What the task requires: Pictures stay out; please output the remaining data exactly.

Start of Information provided

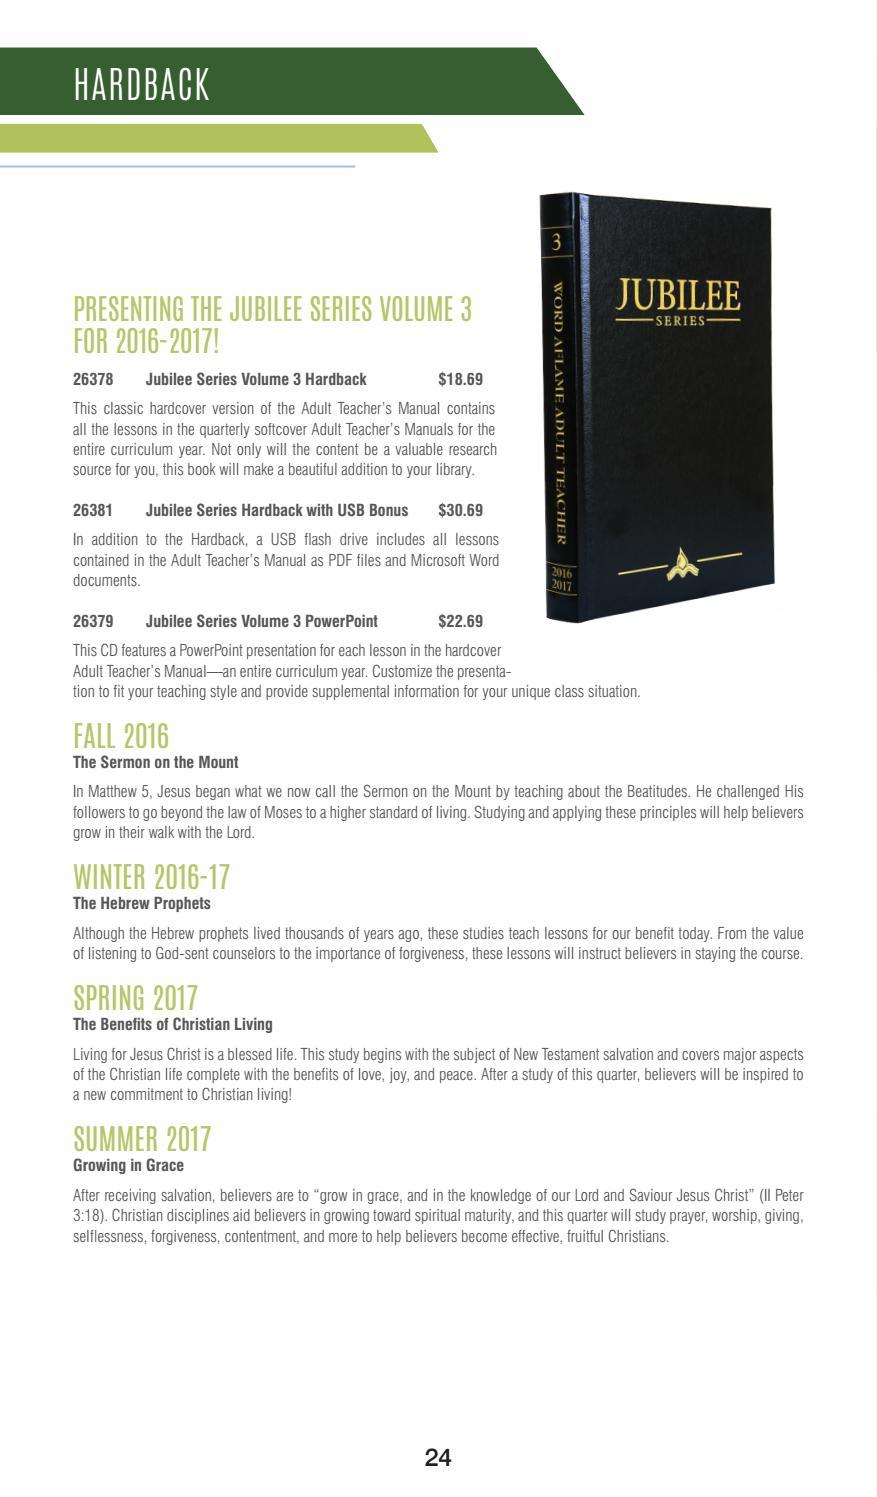 Pentecostal Publishing House Winter 2016-17 Catalog by Pentecostal
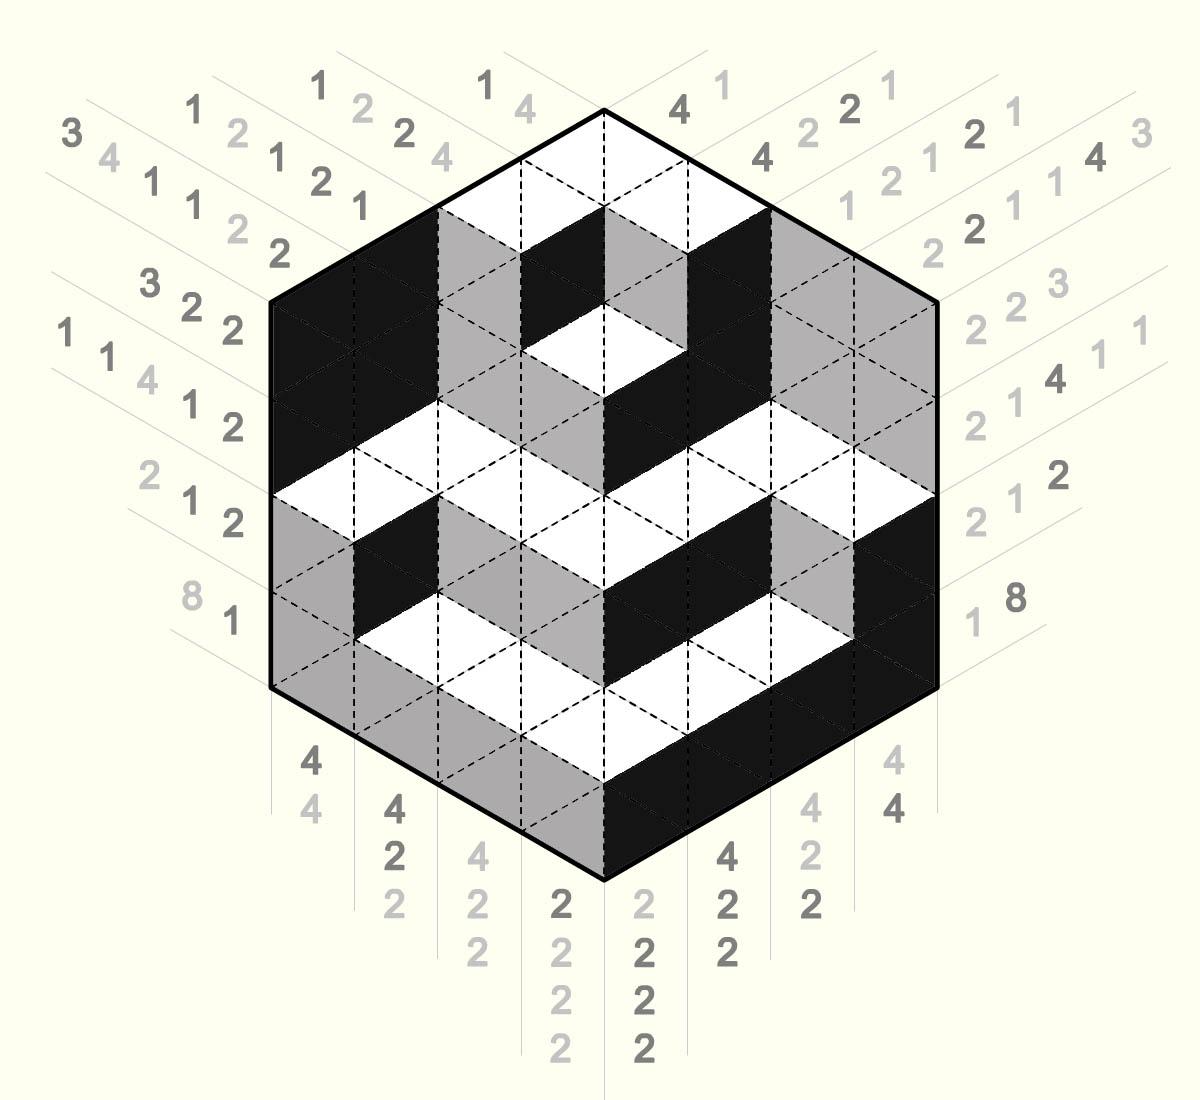 http://www.prise2tete.fr/upload/sosoy-cubes.jpg
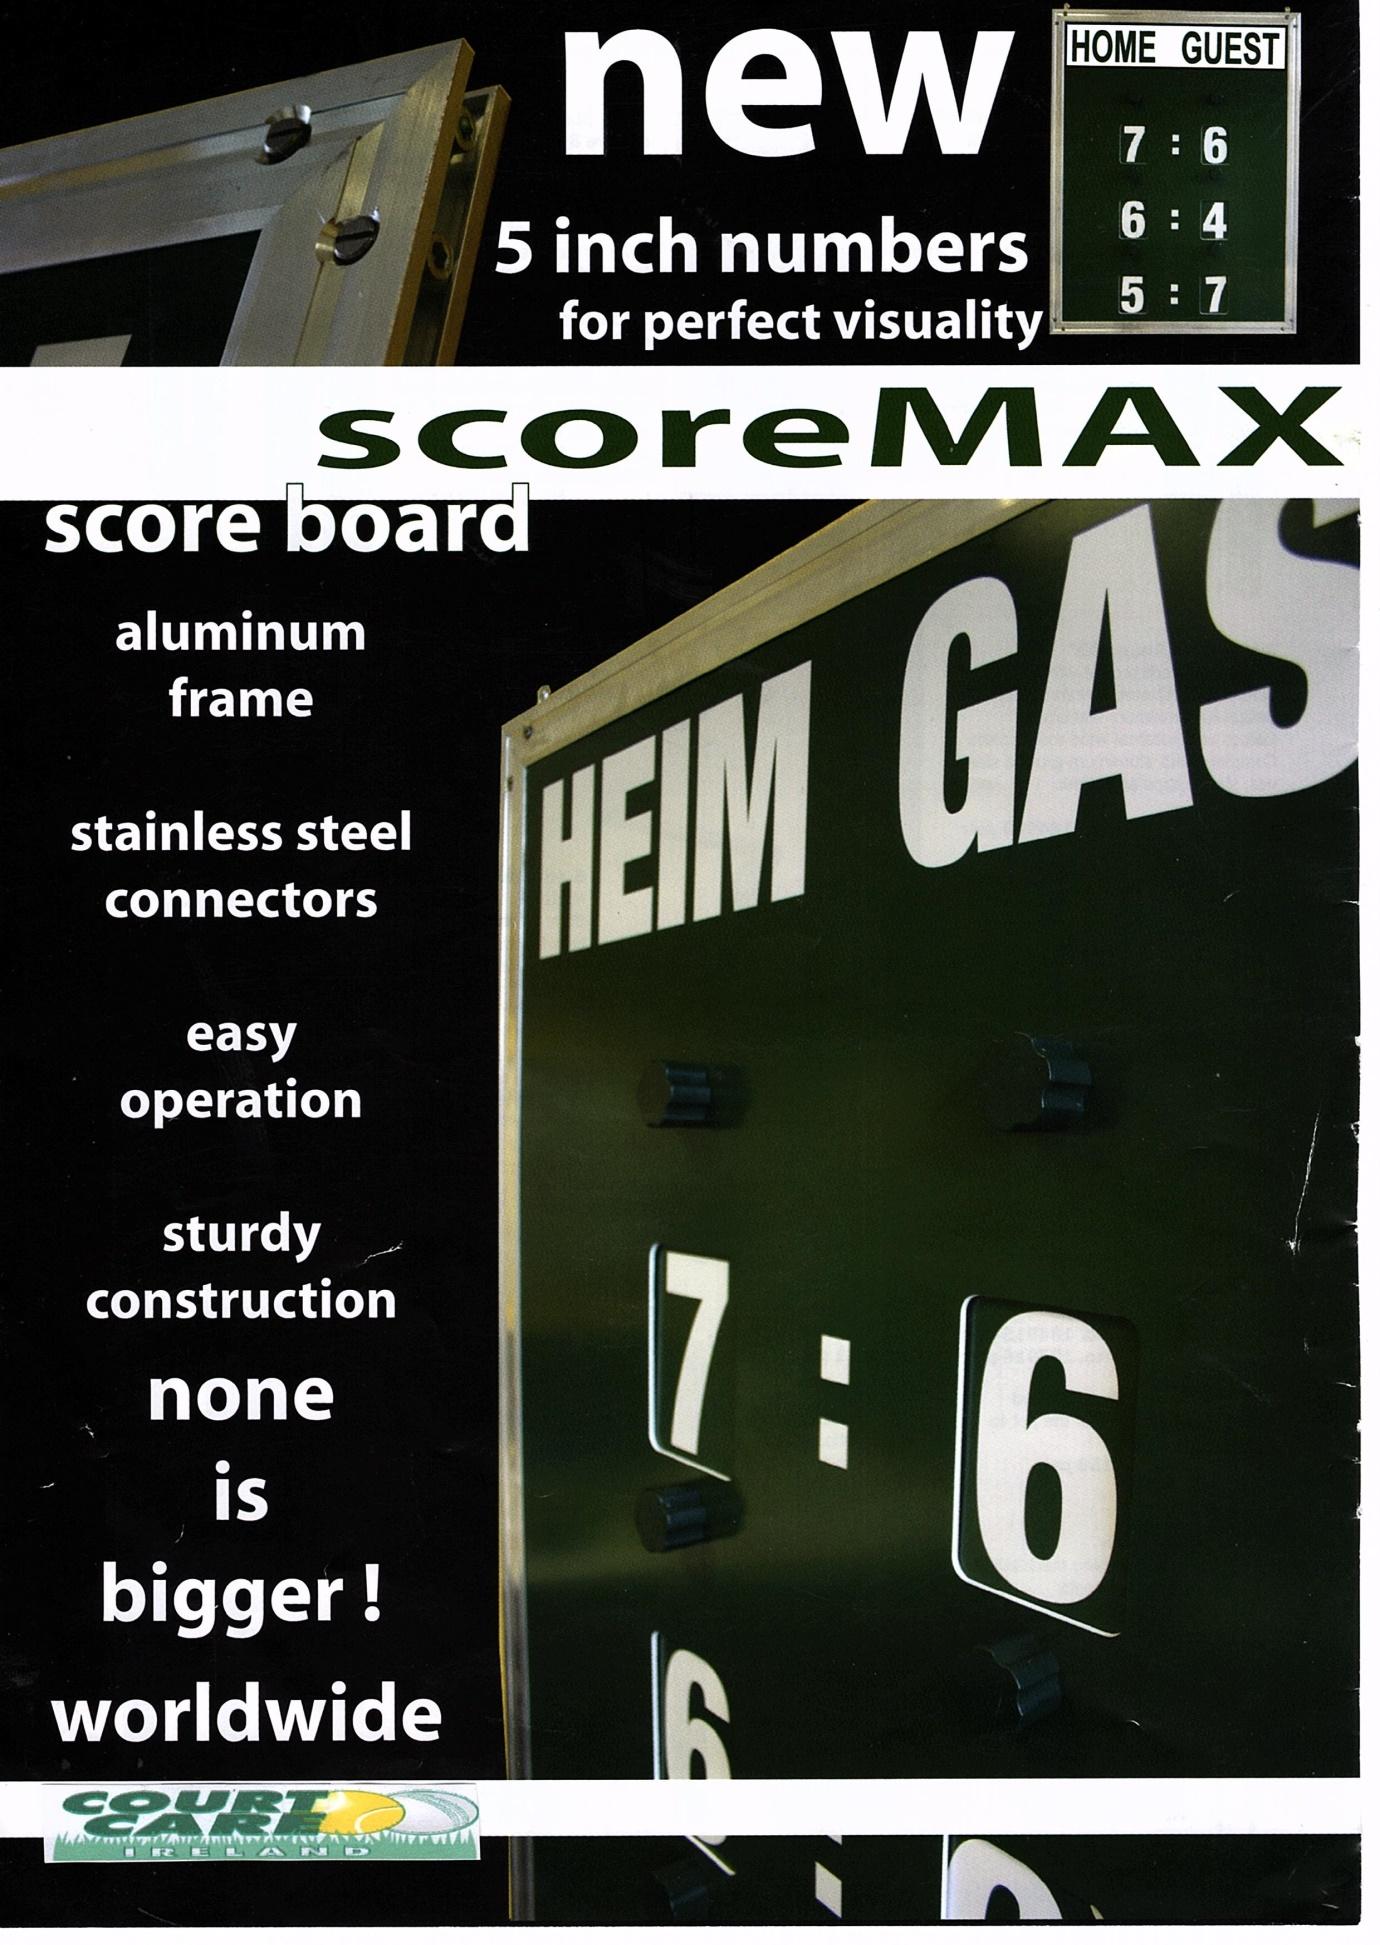 Scoremax overview

End of Information provided

Answer space:
 Pentecostal Publishing House Winter 2016-17 Catalog by Pentecostal
 http://www.prise2tete.fr/upload/sosoy-cubes.jpg
 Scoremax overview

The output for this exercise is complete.